Simulated Author's Rebuttal

2 responses · 0 unresolved

We thank the referee for their constructive feedback and for recognizing the potential significance of our causal debiasing approach for lightweight video reasoning models. We address each major comment point by point below, providing clarifications based on the manuscript while agreeing to strengthen the presentation where evidence was insufficient.

read point-by-point responses

Referee: [Abstract] Abstract and central claim: The repulsive objective in CDPO is presented as driving the primary model toward generalizable reasoning, but the manuscript provides no ablations isolating the repulsive term's effect, no direct probes measuring shortcut usage (e.g., controlled bias tests), and no verification that the bias model encodes only undesired shortcuts rather than useful features. This is load-bearing because the performance gains (3.2% average, 7% on VideoMME) cannot be attributed to the proposed mechanism without such evidence.

Authors: We acknowledge that the abstract and central claims would benefit from more explicit isolation of the repulsive term's contribution. The full manuscript reports overall performance gains through comparisons to baselines like VideoRFT-3B, but does not include dedicated ablations removing only the repulsive component of CDPO or controlled bias probes (e.g., accuracy on bias-augmented test subsets). We will revise by adding a dedicated ablation subsection that compares CDPO with and without the repulsive objective, reports shortcut usage metrics (such as reliance on visual cues vs. temporal reasoning on curated subsets), and provides qualitative/quantitative analysis of bias model outputs to confirm predominant capture of undesired perceptual shortcuts rather than useful features. These additions will allow direct attribution of gains to the debiasing mechanism. revision: yes
Referee: [Abstract] Circularity concern in two-stage process: The bias model is trained on the same data distribution as the primary model, yet the paper does not demonstrate that the 'correct' solutions or repulsive targets are identified independently of the bias model itself.
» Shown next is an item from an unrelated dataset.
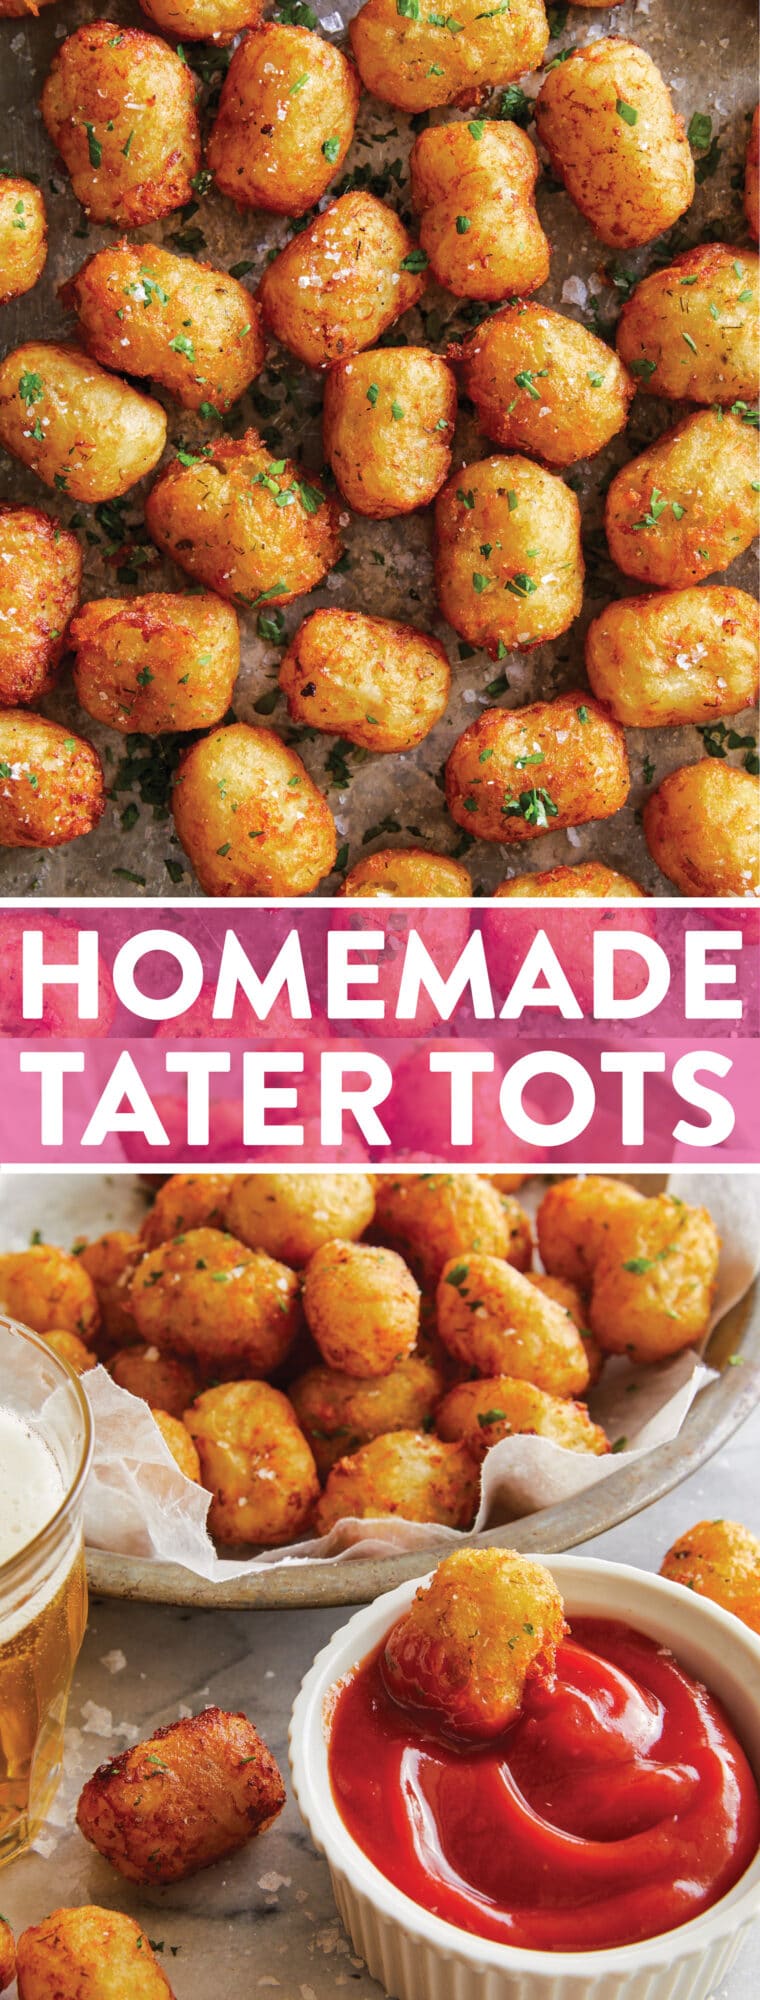 Homemade Tater Tots - Say goodbye to those frozen bags of tots! This homemade version is easy, freezer-friendly and better than store-bought!

Without this, the CDPO objective risks encoding information already present in training rather than truly debiasing, undermining the causal analysis that RL induces shortcuts.

Authors: This is a valid concern regarding potential circularity. In the proposed framework, the bias model is trained to capture shortcut behaviors via a dedicated objective on the training distribution, while correct solutions are sourced directly from ground-truth labels in the video reasoning benchmarks (independent of any model outputs). Repulsive targets are then derived by contrasting the primary model's policy against the bias model's predictions on identical inputs. However, the manuscript does not explicitly demonstrate independence through held-out identification of targets or ablations. We will revise the methods and causal analysis sections to clarify the role of ground-truth labels, add an experiment using held-out data for repulsive target generation, and include results showing the debiasing effect holds under this stricter separation. This will better substantiate the claim that RL induces shortcuts addressable via the two-stage process. revision: yes

Circularity Check

0 steps flagged

No significant circularity detected

full rationale

The paper's derivation consists of an empirical observation (RL fine-tuning induces perceptual shortcuts in lightweight MLLMs, shown via experiments) followed by a proposed two-stage algorithmic intervention (Bias Aware Training to create a bias model, then CDPO with repulsive+attractive objectives). These steps are presented as a new training procedure whose validity is assessed through external benchmark comparisons (e.g., gains on VideoMME, MVBench) rather than any mathematical reduction to the inputs by construction. No equations are shown to equate a 'prediction' with a fitted parameter, no self-citation chain bears the central claim, and the bias model is explicitly a separate trained component rather than a definitional tautology. The method is self-contained against the reported benchmarks and does not rely on imported uniqueness theorems or renamed known results.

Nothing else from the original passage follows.